**Data provided**
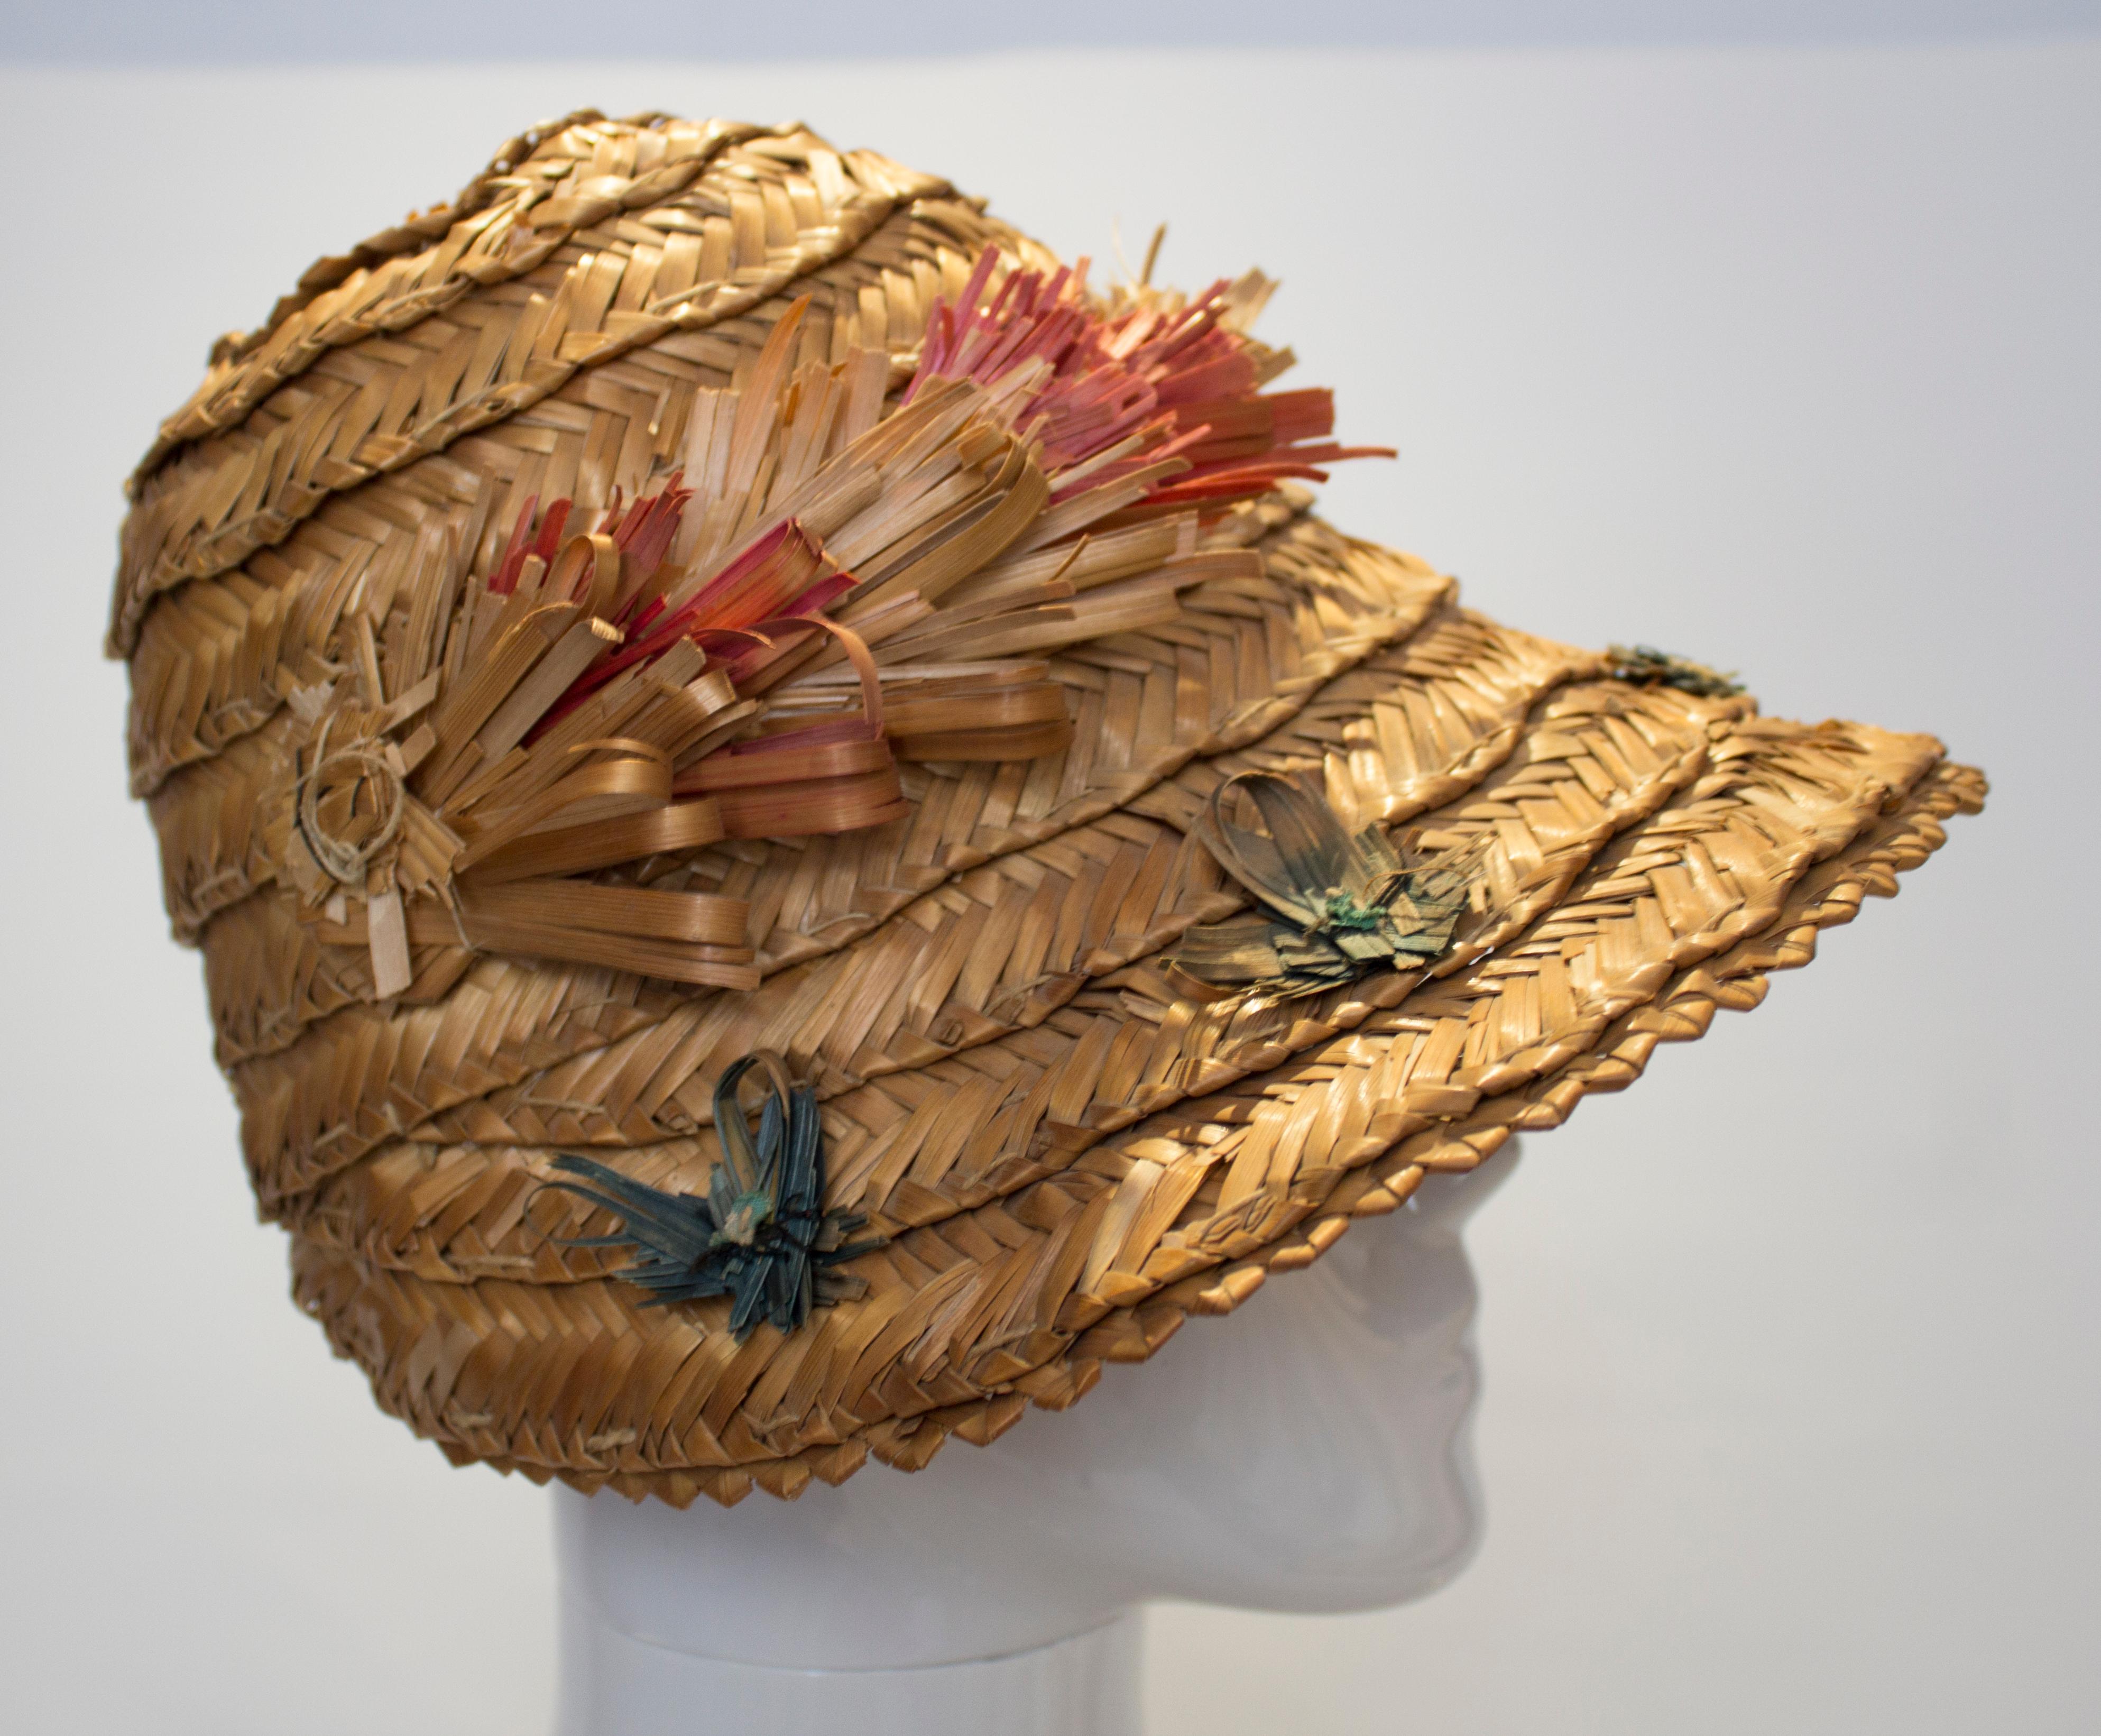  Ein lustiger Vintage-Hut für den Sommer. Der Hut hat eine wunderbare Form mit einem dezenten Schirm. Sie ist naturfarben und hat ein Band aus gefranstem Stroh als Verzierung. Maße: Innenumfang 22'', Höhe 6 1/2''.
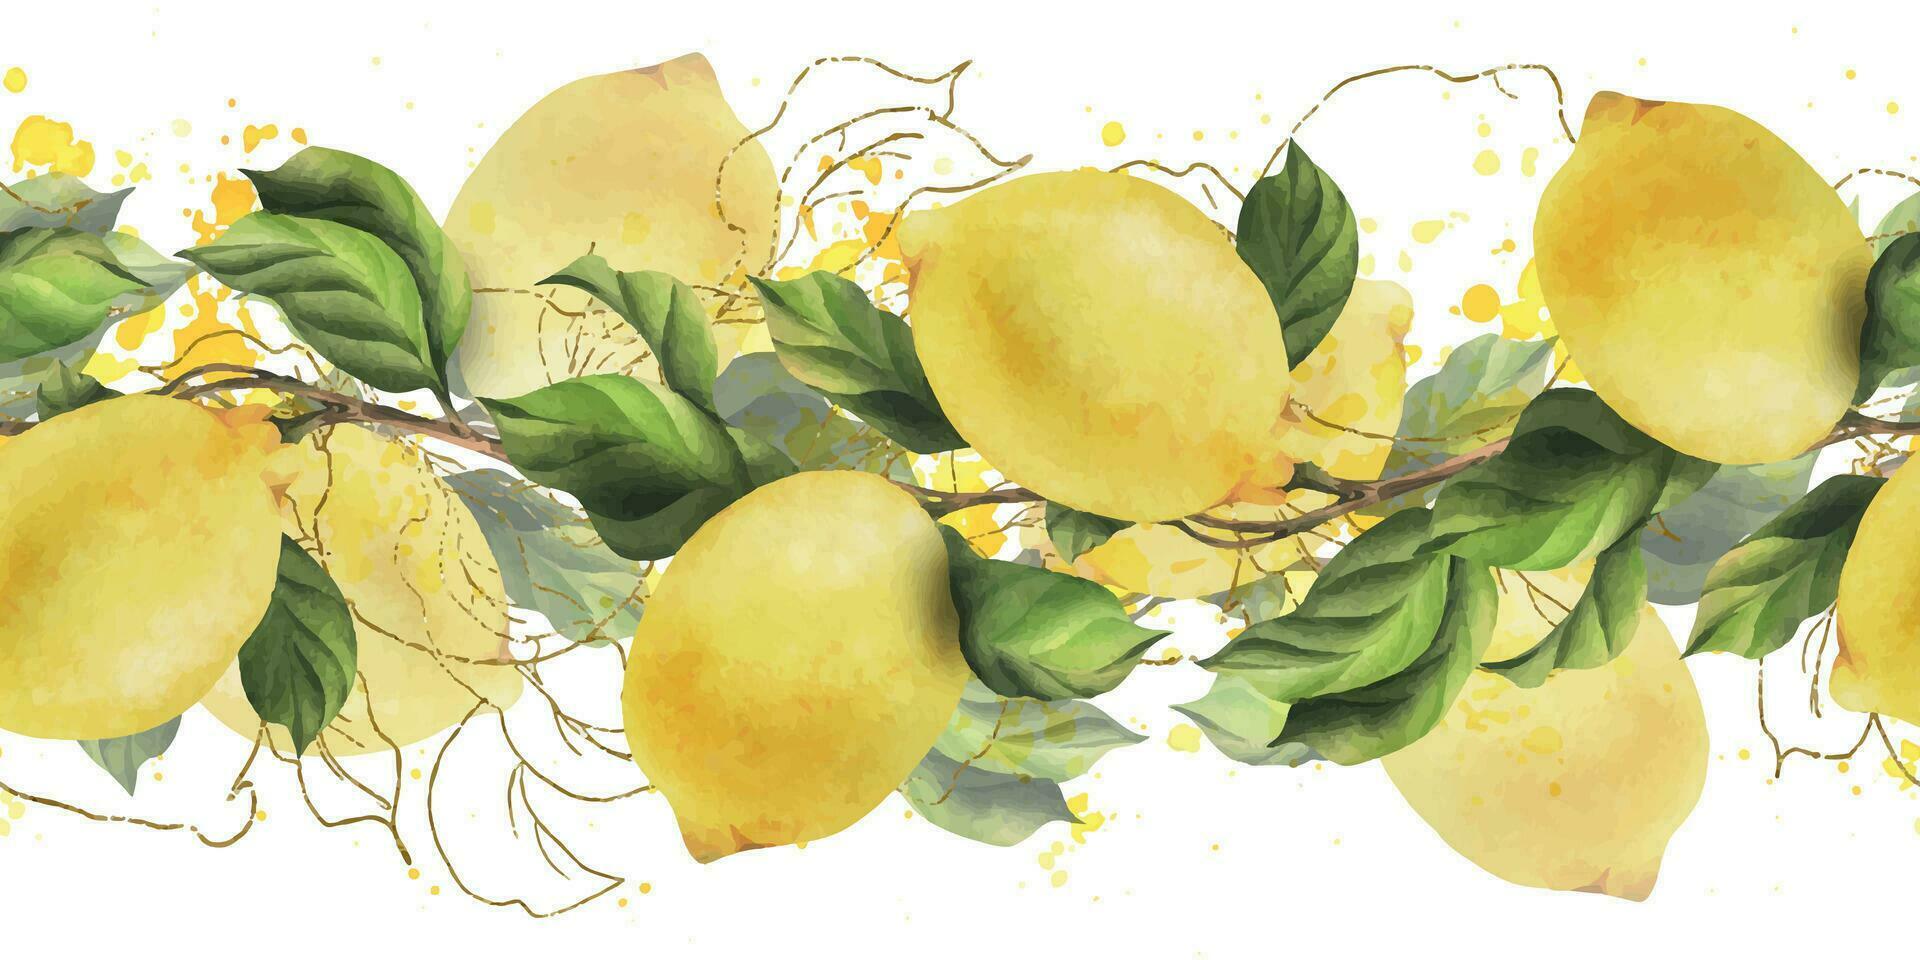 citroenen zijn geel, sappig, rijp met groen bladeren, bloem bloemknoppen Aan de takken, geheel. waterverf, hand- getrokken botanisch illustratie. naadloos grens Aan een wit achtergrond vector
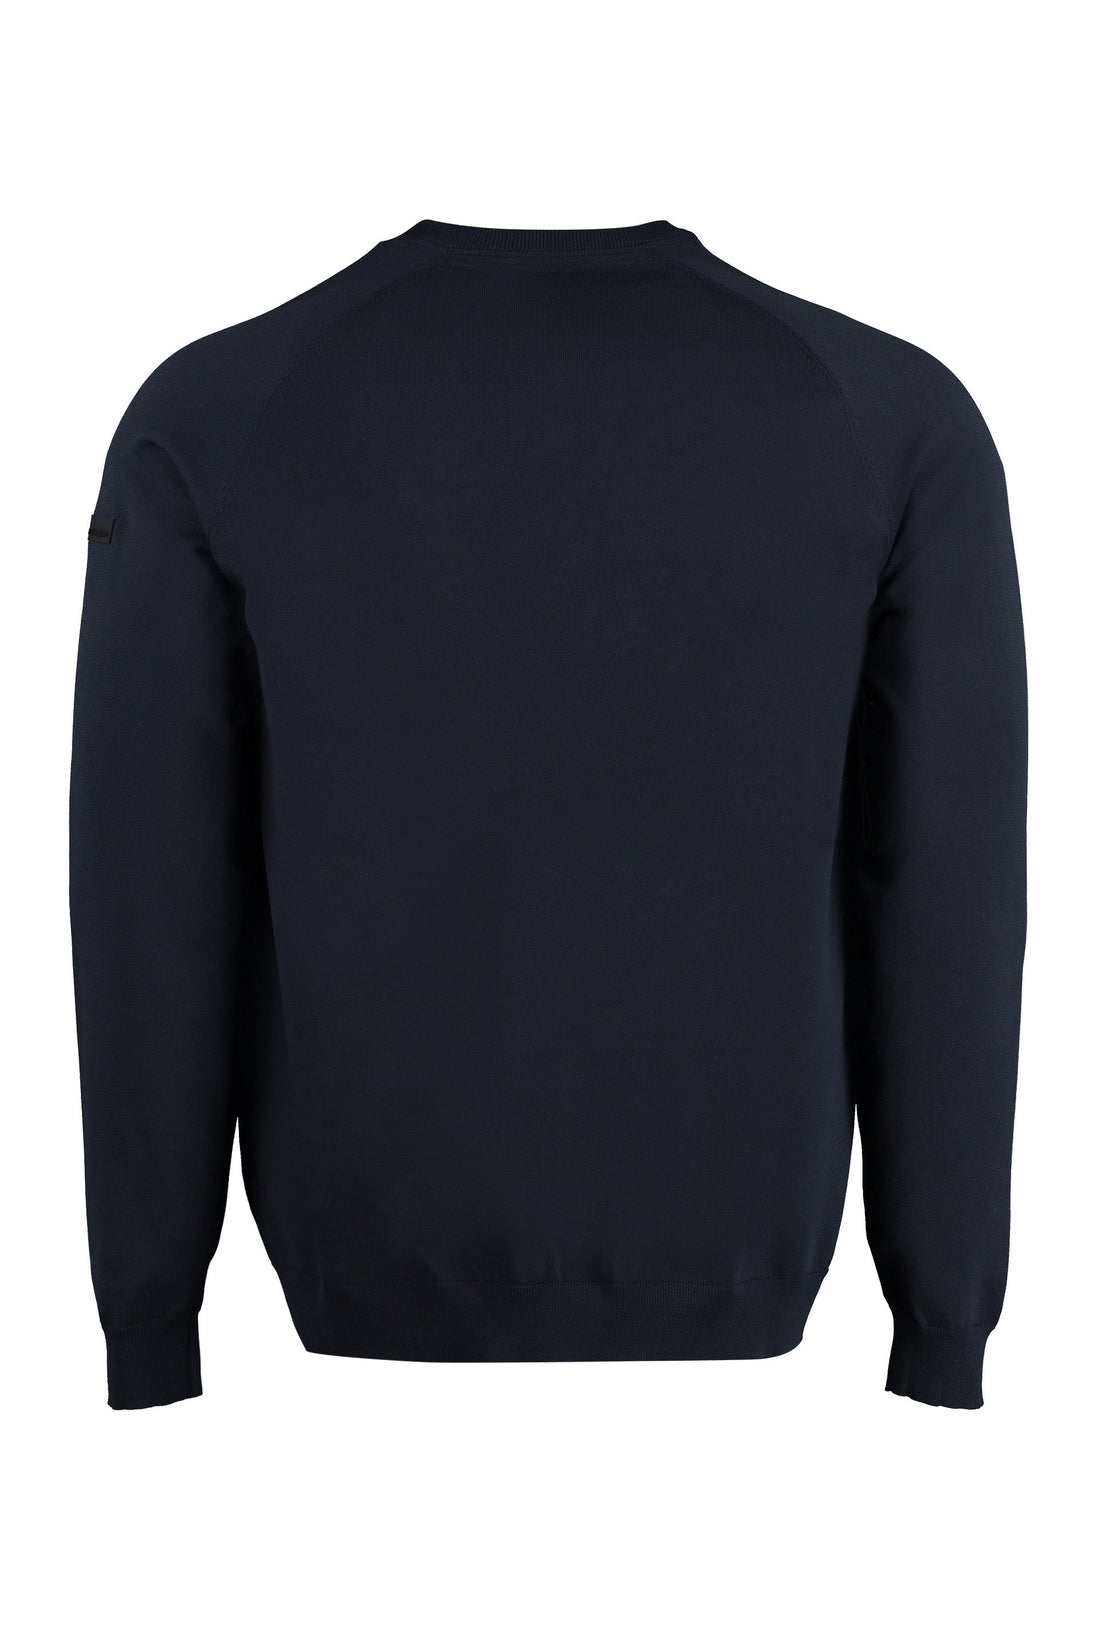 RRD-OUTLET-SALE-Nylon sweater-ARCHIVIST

**Exercise aim**
Repeat verbatim the lines from the one holding "citroenen zijn geel, sappig, rijp" through the end of the listing above, both ends included, but not the pictures.

**Completed task**
 citroenen zijn geel, sappig, rijp met groen bladeren, bloem bloemknoppen Aan de takken, geheel. waterverf, hand- getrokken botanisch illustratie. naadloos grens Aan een wit achtergrond vector
 RRD-OUTLET-SALE-Nylon sweater-ARCHIVIST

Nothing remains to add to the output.